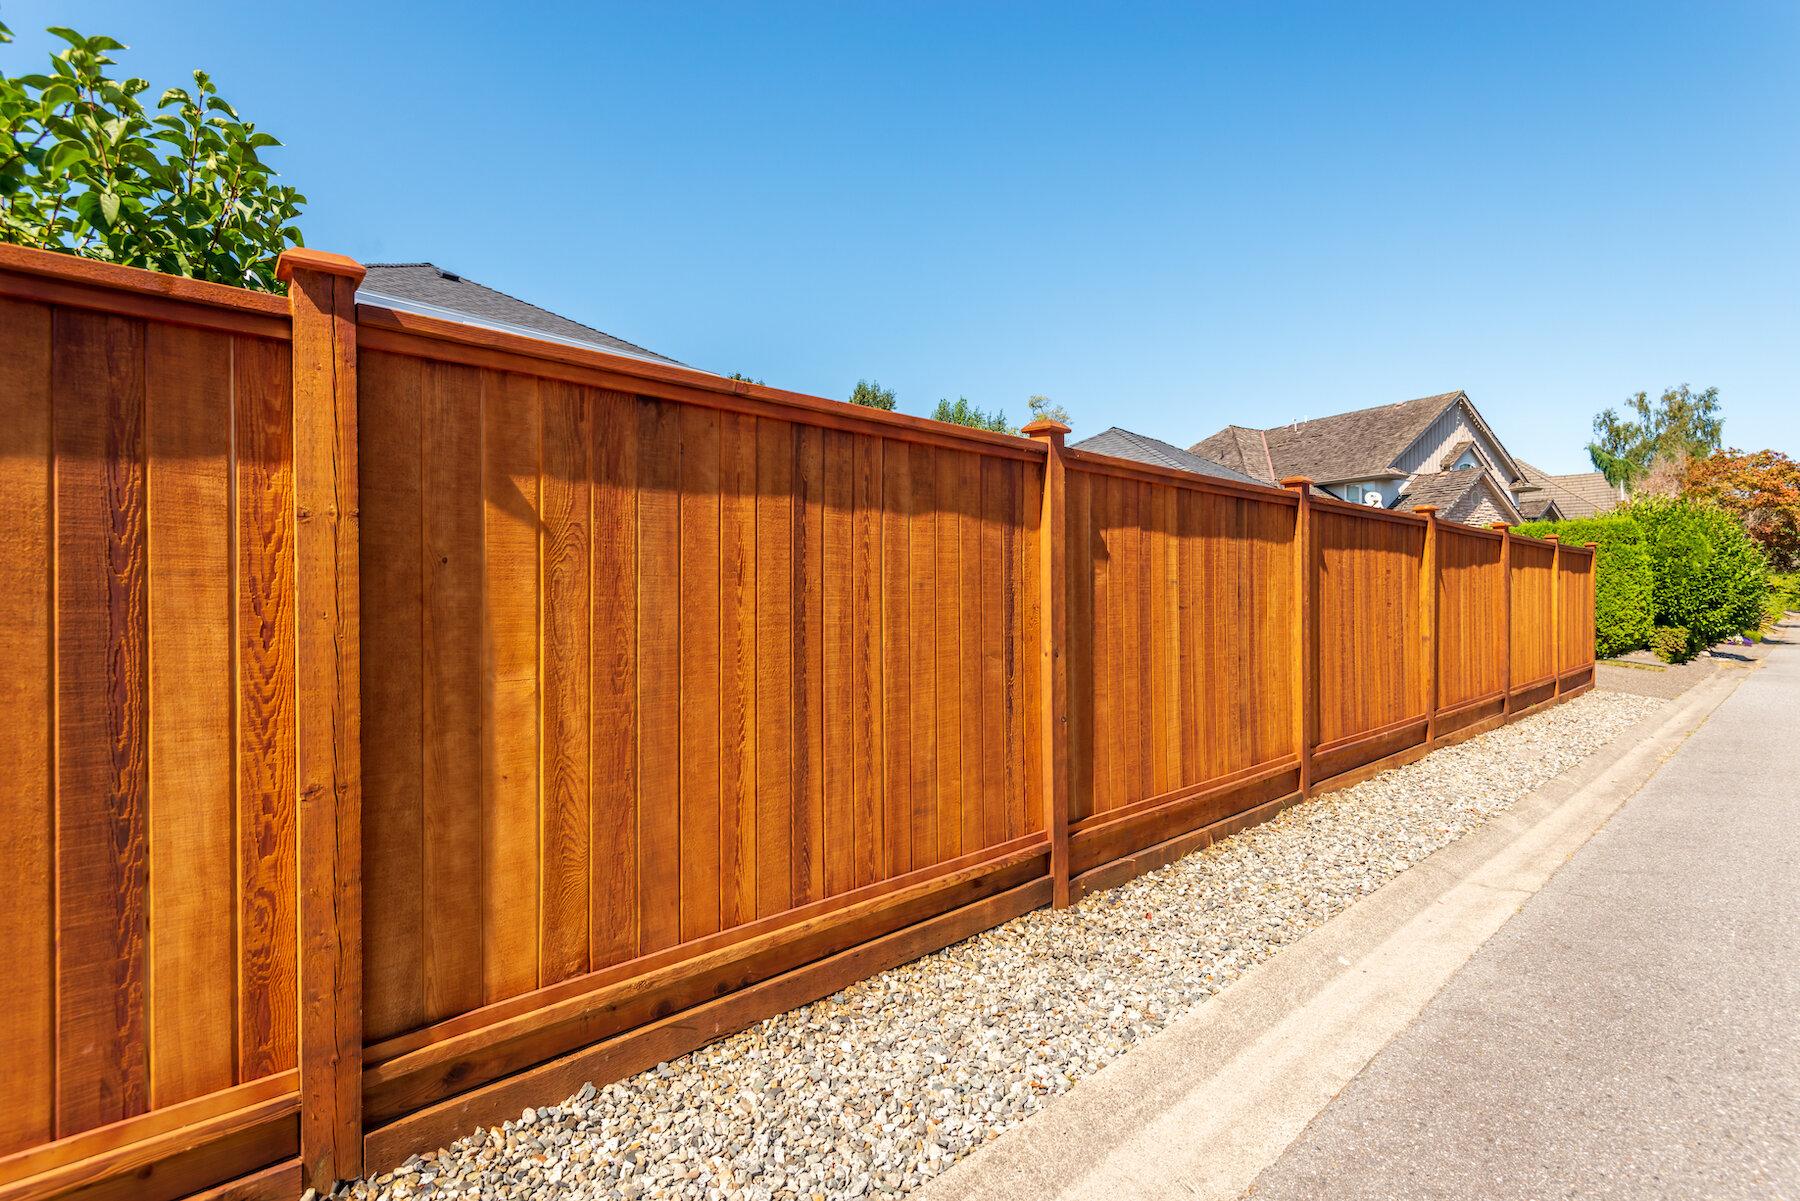 木栅栏3.jpg
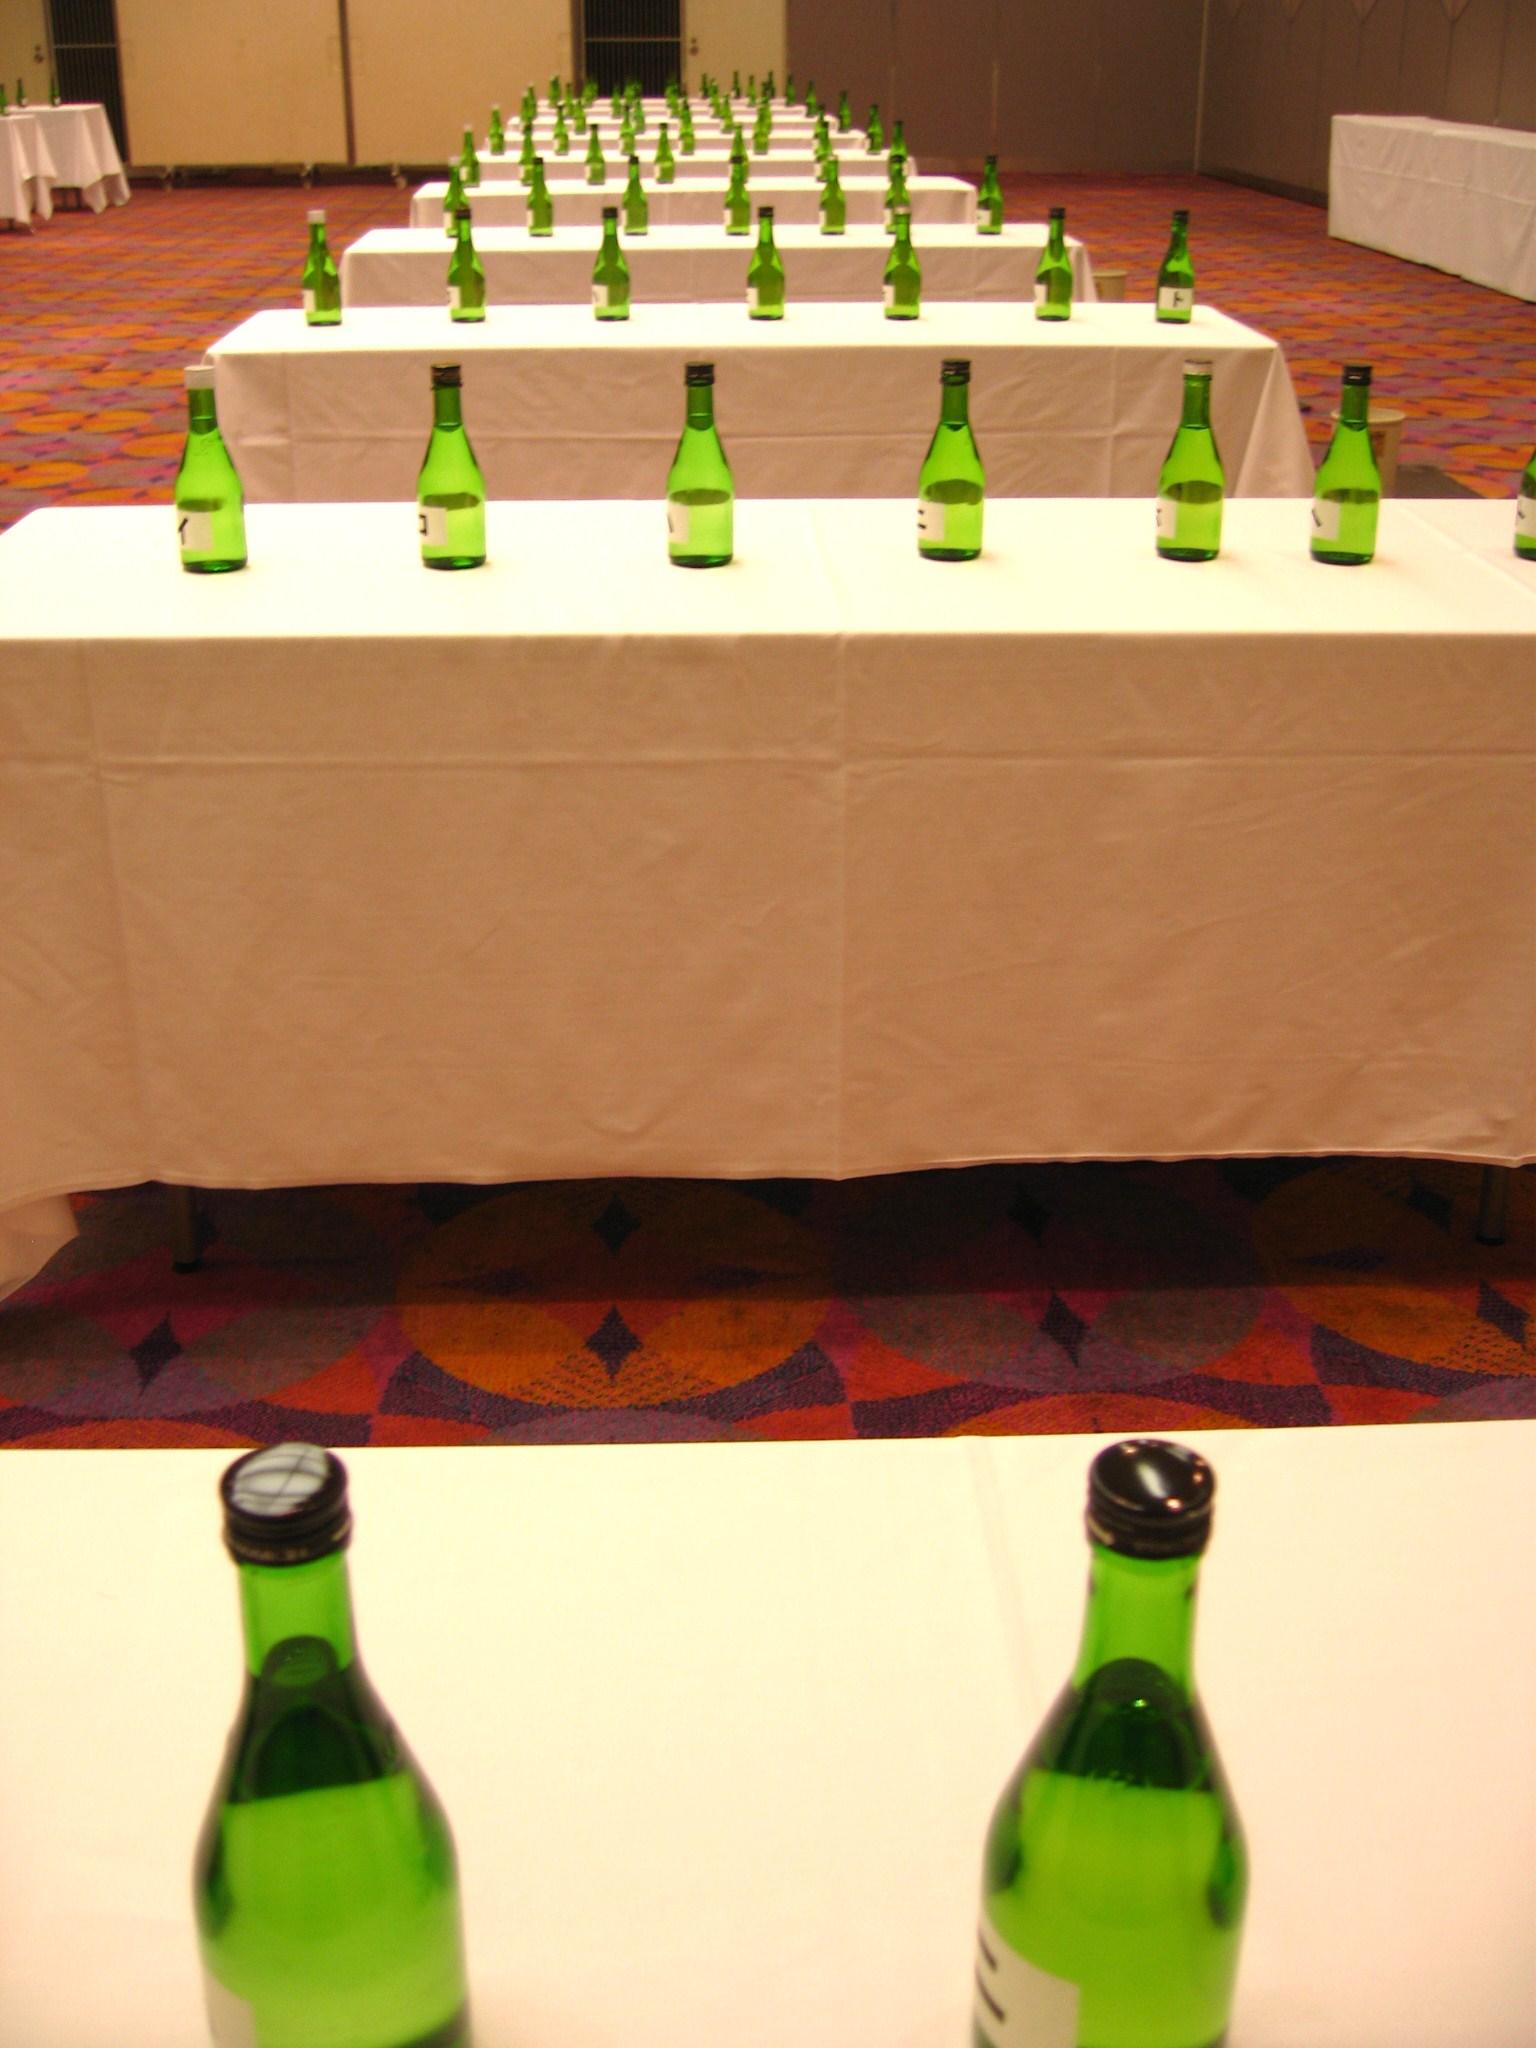 月刊滋賀地酒10月号/滋賀地酒の祭典 1,2,3部追跡レポート(1)_a0309506_1953221.jpg
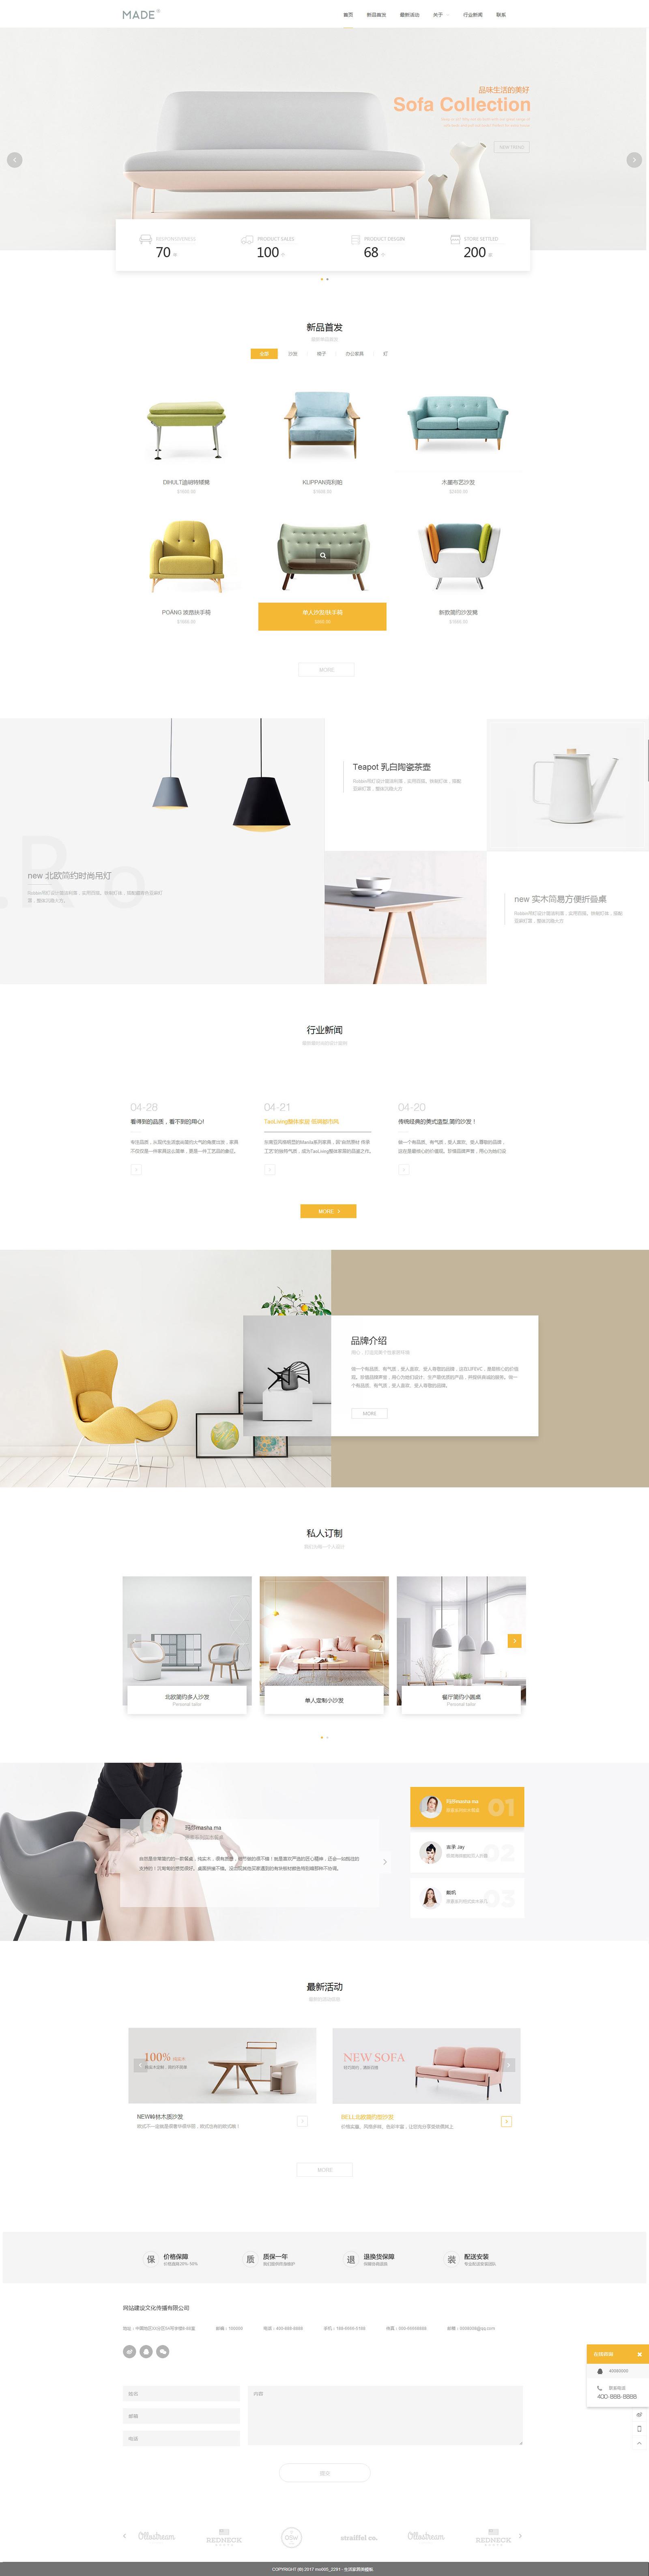 高端软装家居家具产品类织梦模板网站-90咸鱼网

TO DO |
With the pictures left out, transcribe the material exactly.

RESPONSE TO THE EXERCISE |
 木栅栏3.jpg
 月刊滋賀地酒10月号/滋賀地酒の祭典 1,2,3部追跡レポート(1)_a0309506_1953221.jpg
 高端软装家居家具产品类织梦模板网站-90咸鱼网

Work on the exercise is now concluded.